In contrast, a comparison between bulk 1 and rhizosphere of A. halleri identifies 2-5 pseudo-taxa with a significant difference at each pseudo-taxonomic level (Table S6b), as does the same comparison for N. caerulescens samples (Table S6c). Among all those differences, Gemmatimonadetes, also varying in other studies (Sun et al., 2018; Yue et al., 2020; Zhao et al., 2020), Chloroflexi and Armatimonadetes (along with unknown and undefined organisms) are found in several clusters at various levels for A. halleri (cluster 435 at the pseudo-genus level, clusters 71 and 41 at pseudo-family, cluster 1 at pseudo-order and cluster 1 at pseudo-class). Cluster 536 at the pseudo-species level highlights again a difference in Pirellulaceae. Concerning the most significant differences found between bulk 1 and the rhizosphere of N. caerulescens, Chitinophagaceae compose the whole cluster 418 at the pseudo-species level. This phylum was previously identified as an indicator of aluminium concentration in soil (Hermans et al., 2017), but it was also shown to be mostly found in rhizosphere (Song et al., 2020).

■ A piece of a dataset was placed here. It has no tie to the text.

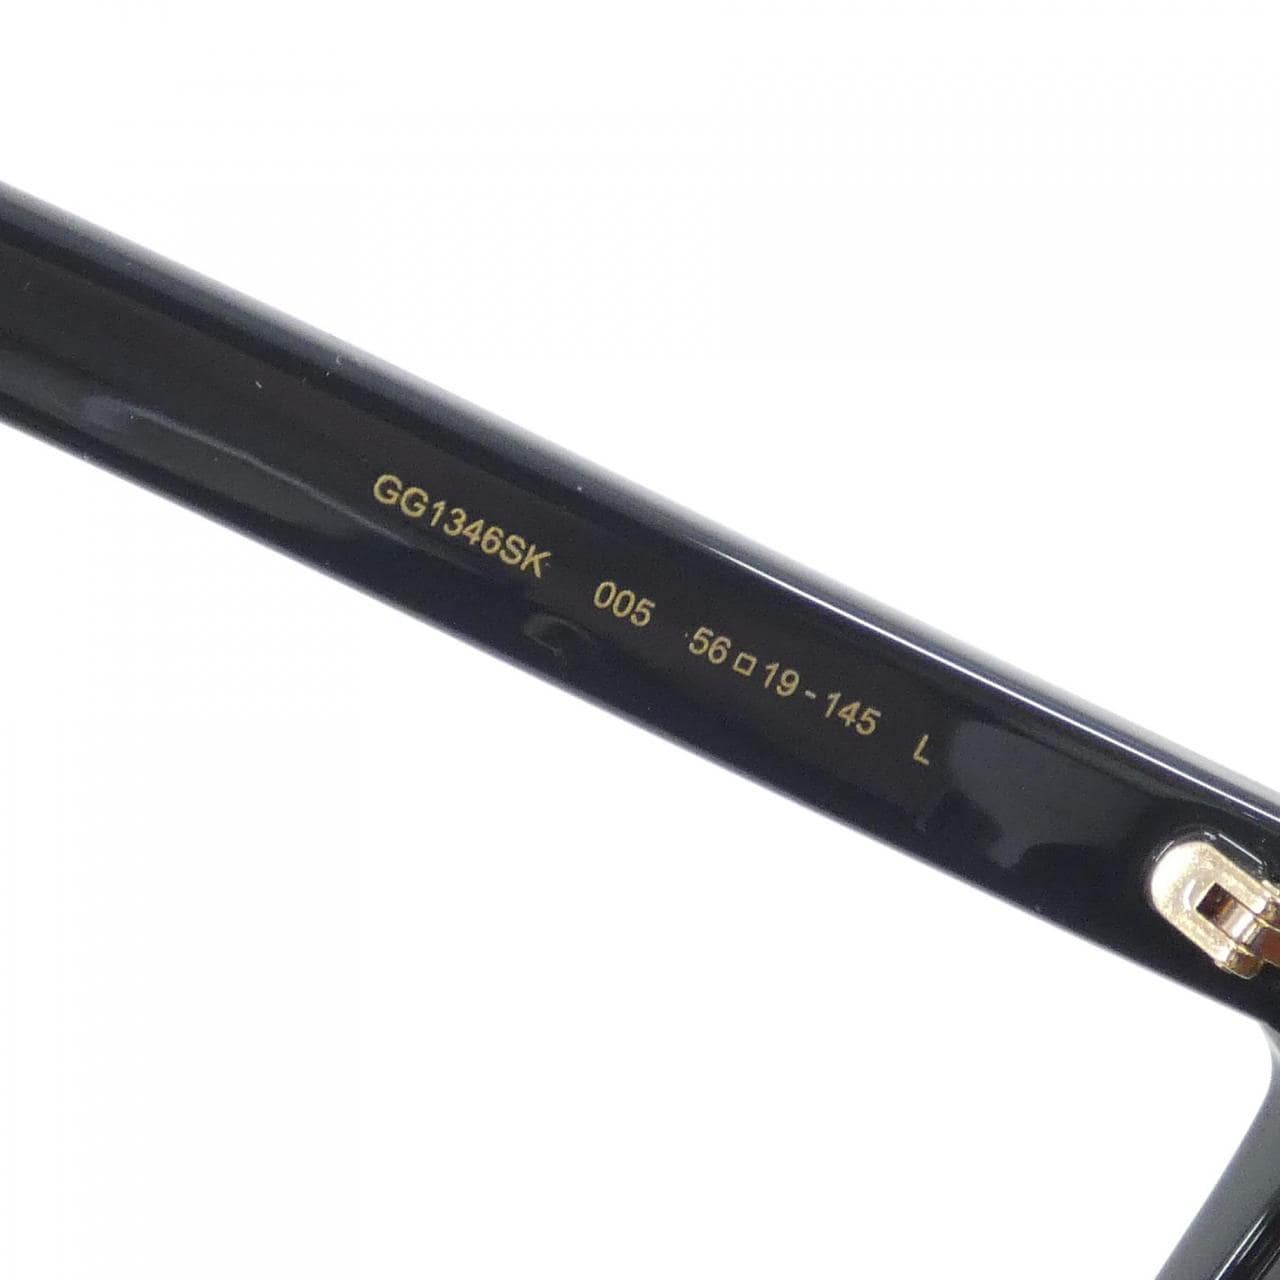 [BRAND NEW] Gucci 1346SK Sunglasses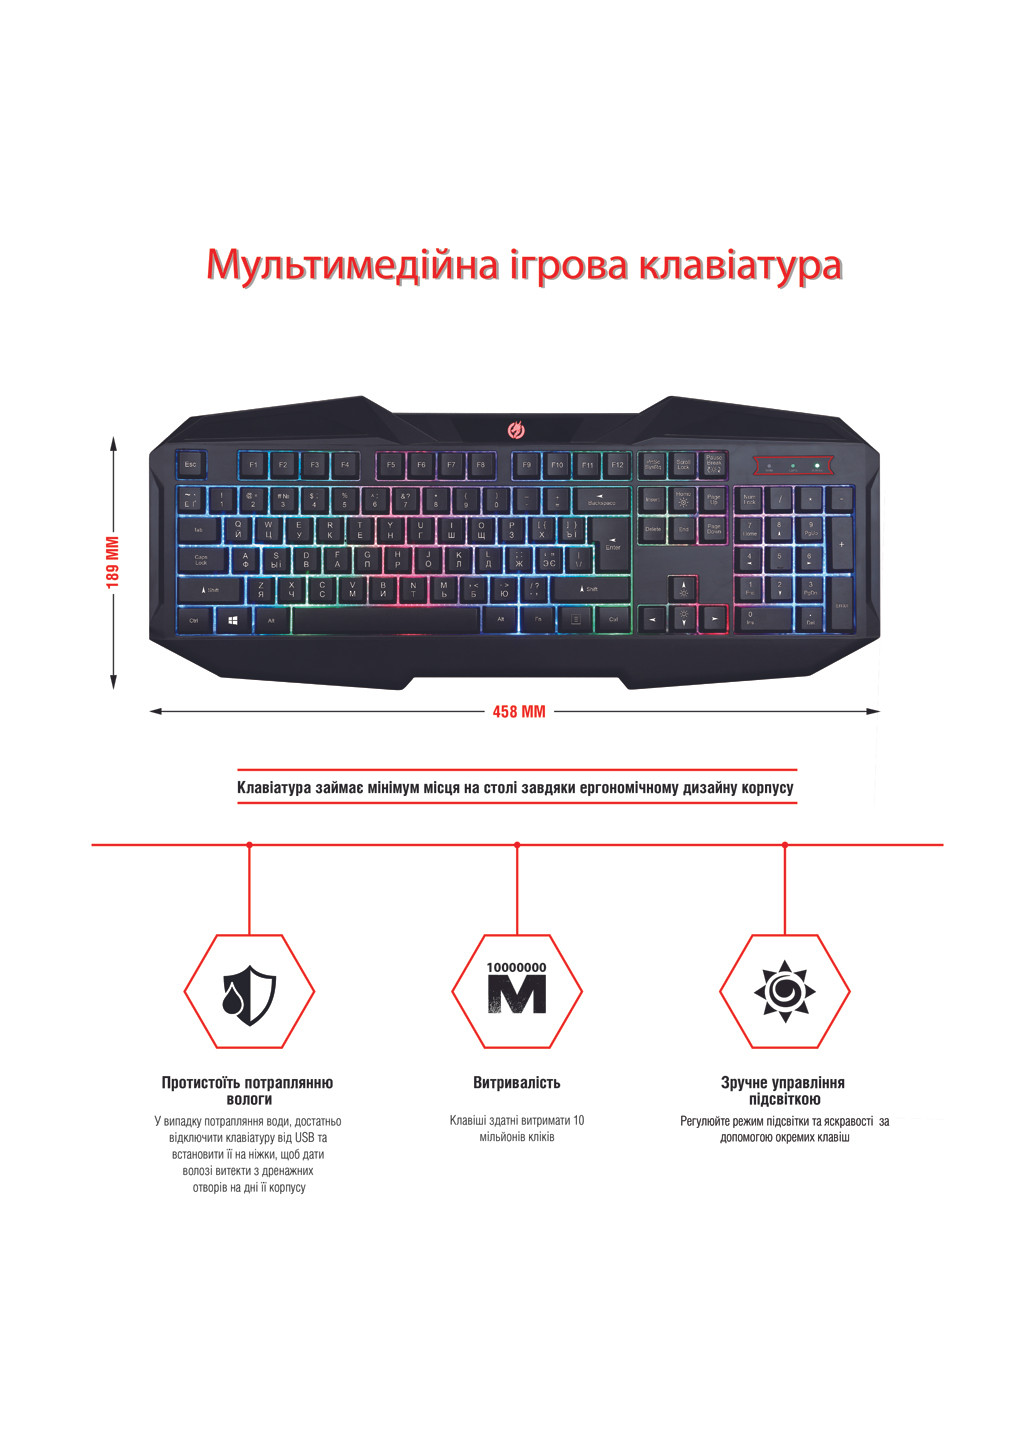 Комплект ігрової GX100 (Клавіатура, миша, гарнітура, килимок) Piko piko gx100 (130510416)

These statistical analyses are globally in line with the results obtained at the OTU level (Fig. 4, Fig. 5) and corroborate the insights brought by our alpha- and beta-diversity analyses based on pseudo-taxonomy (Fig. S19, Fig. S18). While they demonstrate that relying on a pseudo-taxonomy can indeed be enlightening in a study like ours, they also confirm that the microbial communities of the two plant species studied in this work are essentially convergent. Such an outcome might be explained either by the spatial proximity of the roots sampled in the field and/or by the phylogenetic proximity of the corresponding plant species. Indeed, these two species belong to Brassicaceae and their rhizospheres might exert a similar selection on a possibly similar pre-existing microbial community. A sampling of rhizospheres from non-hyperaccumulator plant species present on the same site could be useful to ascertain this hypothesis, such as Armeria maritima or Viola lutea. Another explanation could stand for the necessity of taking into account less abundant taxa. This would be in line with statistical differences obtained in beta-diversity (Fig. S18) and not with major taxa. Moreover, less abundant unknown and undetected taxa may be of importance in the specificity of microbiomes (Thomas and Segata, 2019).